** Opening STORED DATA block **
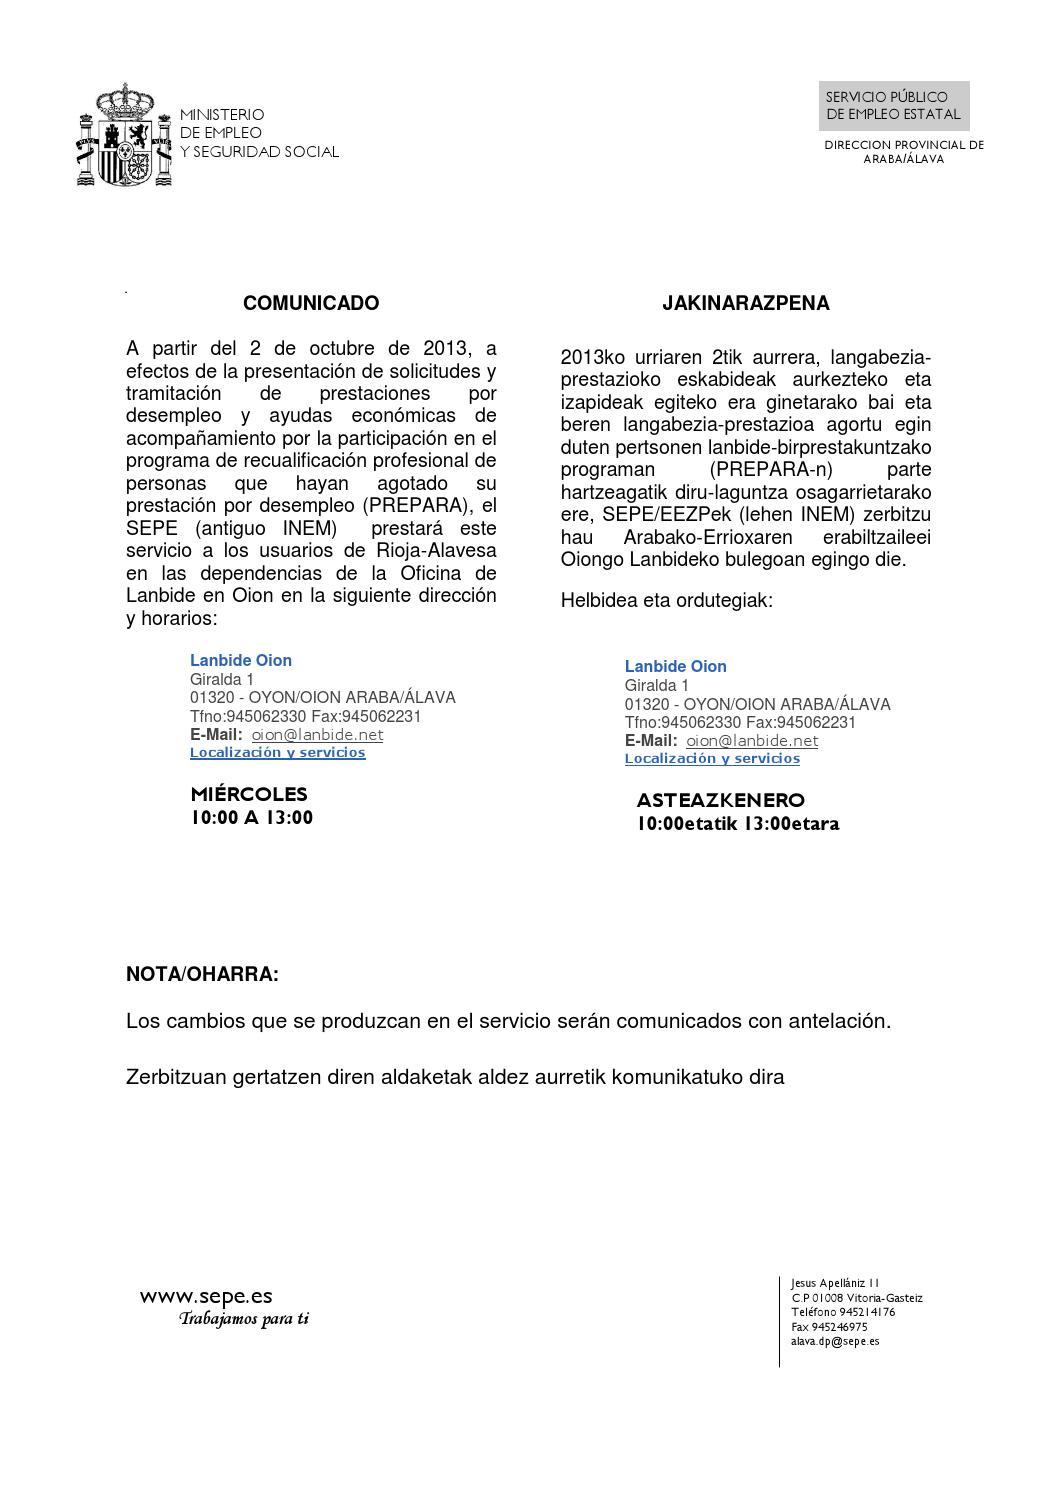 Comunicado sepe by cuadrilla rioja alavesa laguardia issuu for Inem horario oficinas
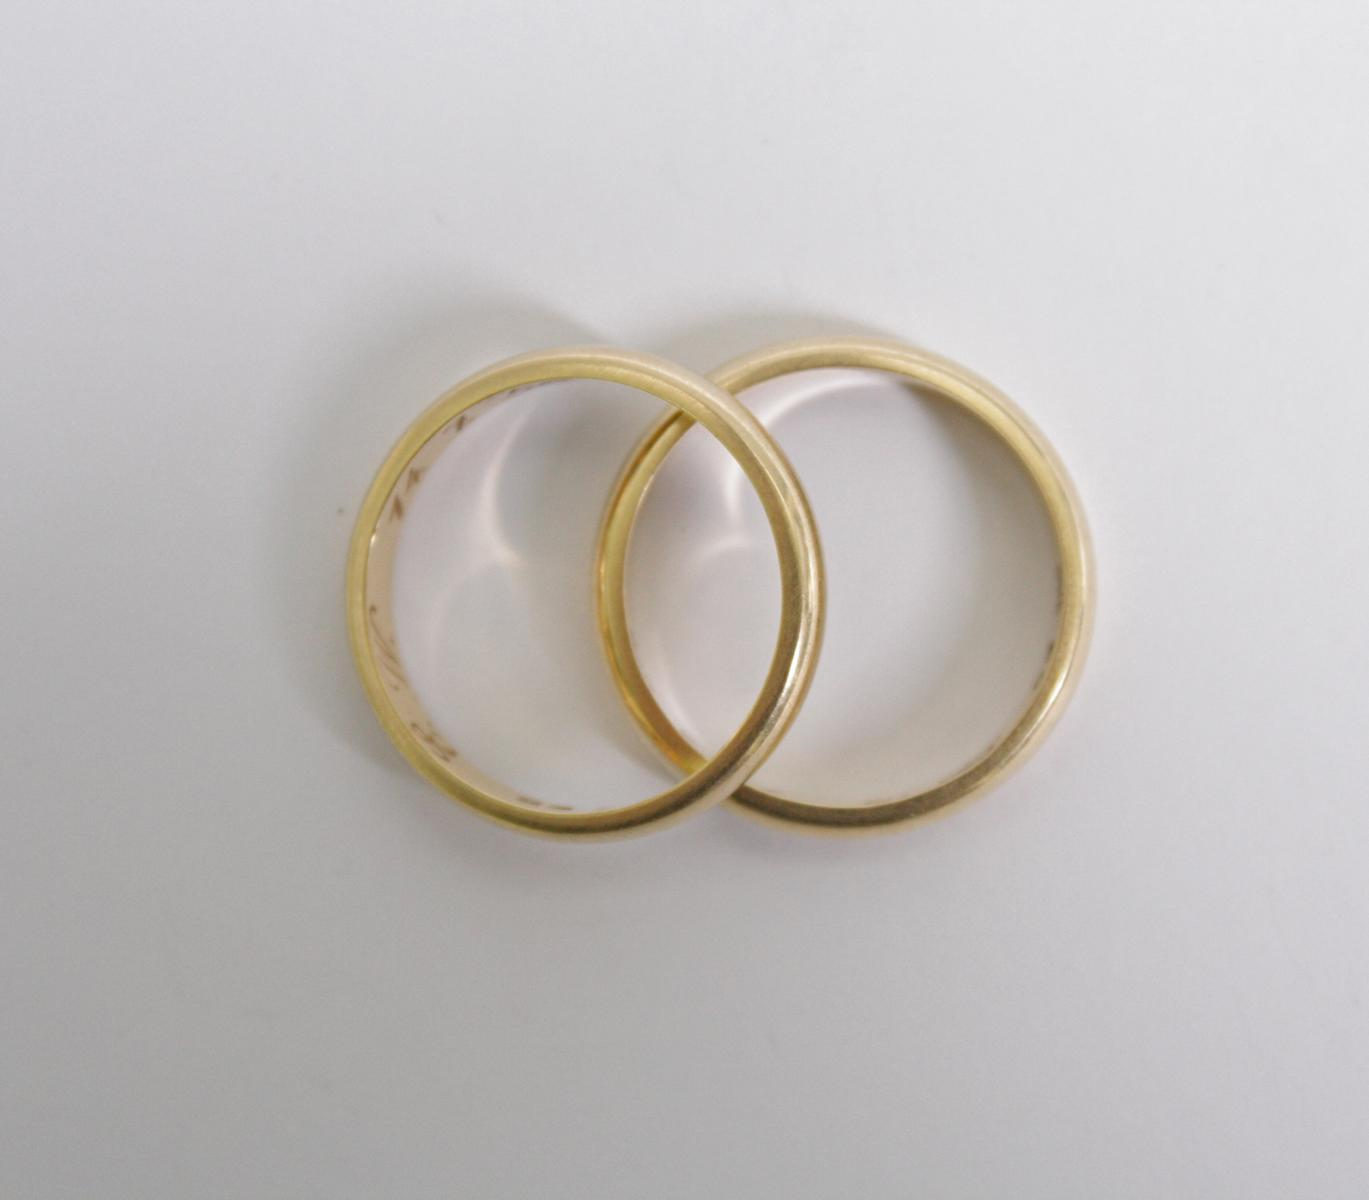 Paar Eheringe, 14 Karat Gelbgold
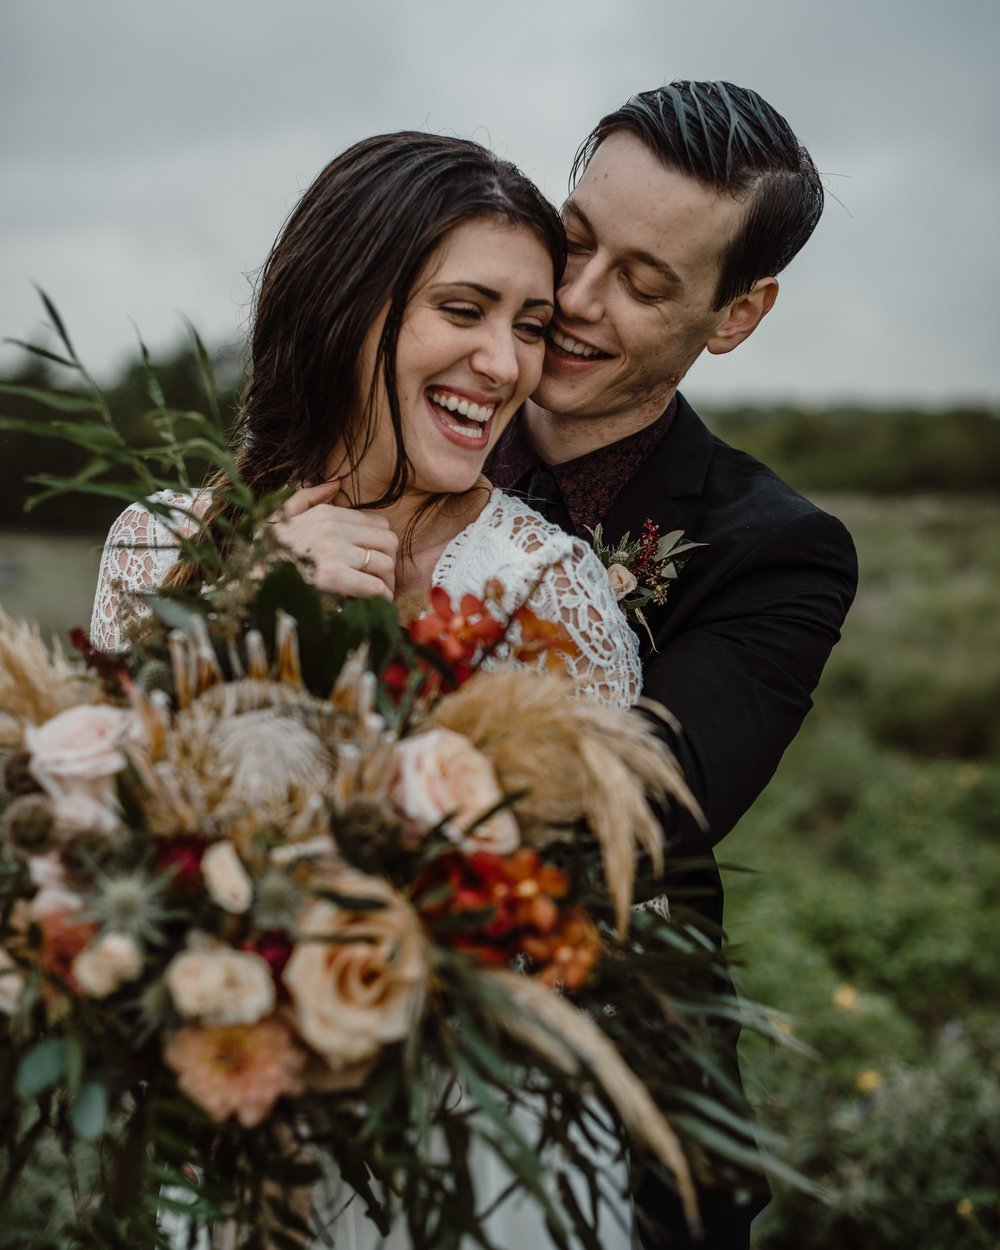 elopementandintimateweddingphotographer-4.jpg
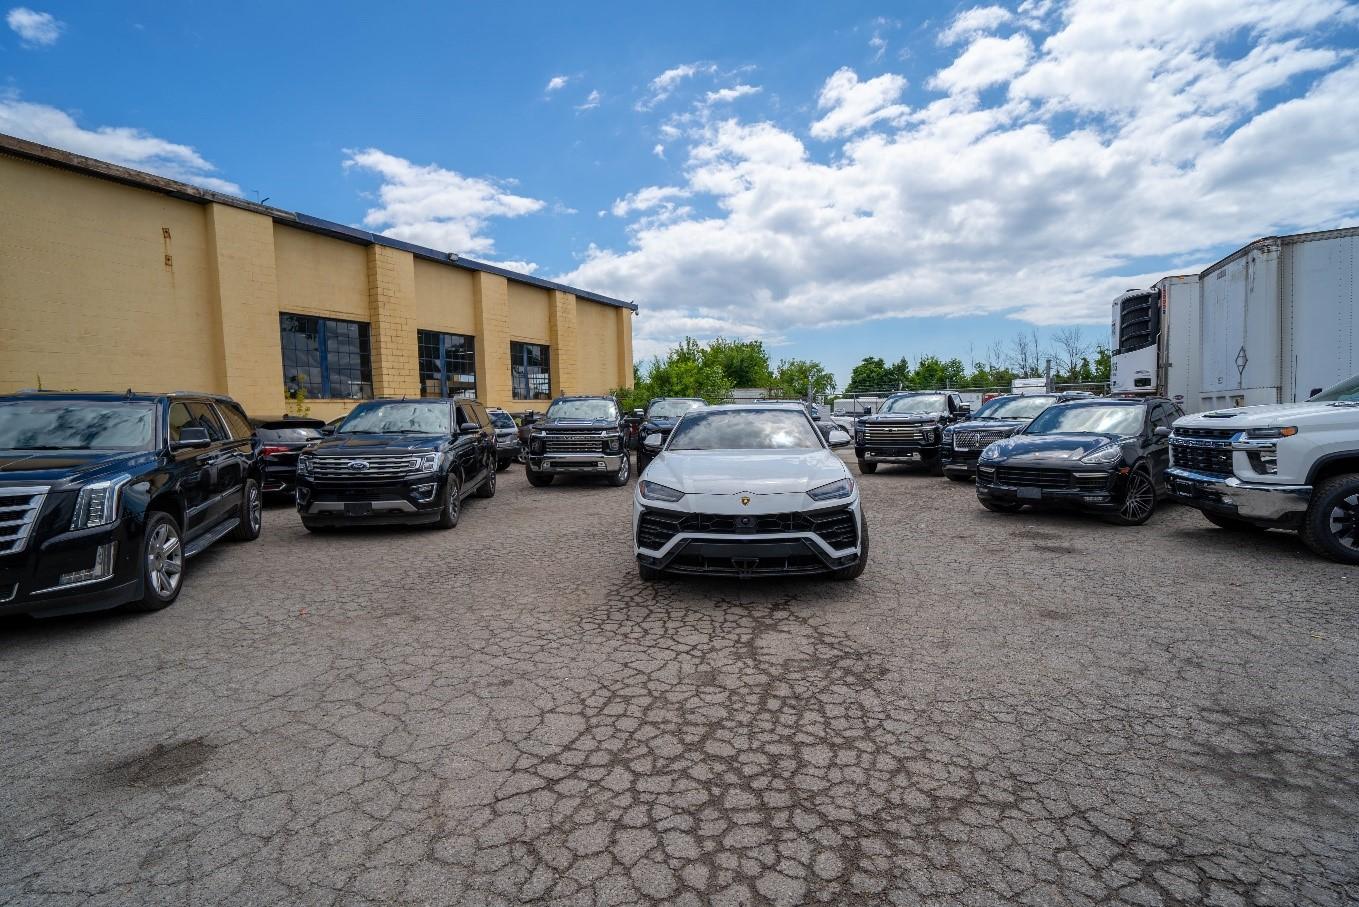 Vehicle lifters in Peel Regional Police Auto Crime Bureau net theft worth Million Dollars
** Closing STORED DATA block **
Provide the listing above once more, exactly, with the pictures removed.

ANSWER BOX »
 Comunicado sepe by cuadrilla rioja alavesa laguardia issuu for Inem horario oficinas
 Paar Eheringe, 14 Karat Gelbgold
 elopementandintimateweddingphotographer-4.jpg
 Vehicle lifters in Peel Regional Police Auto Crime Bureau net theft worth Million Dollars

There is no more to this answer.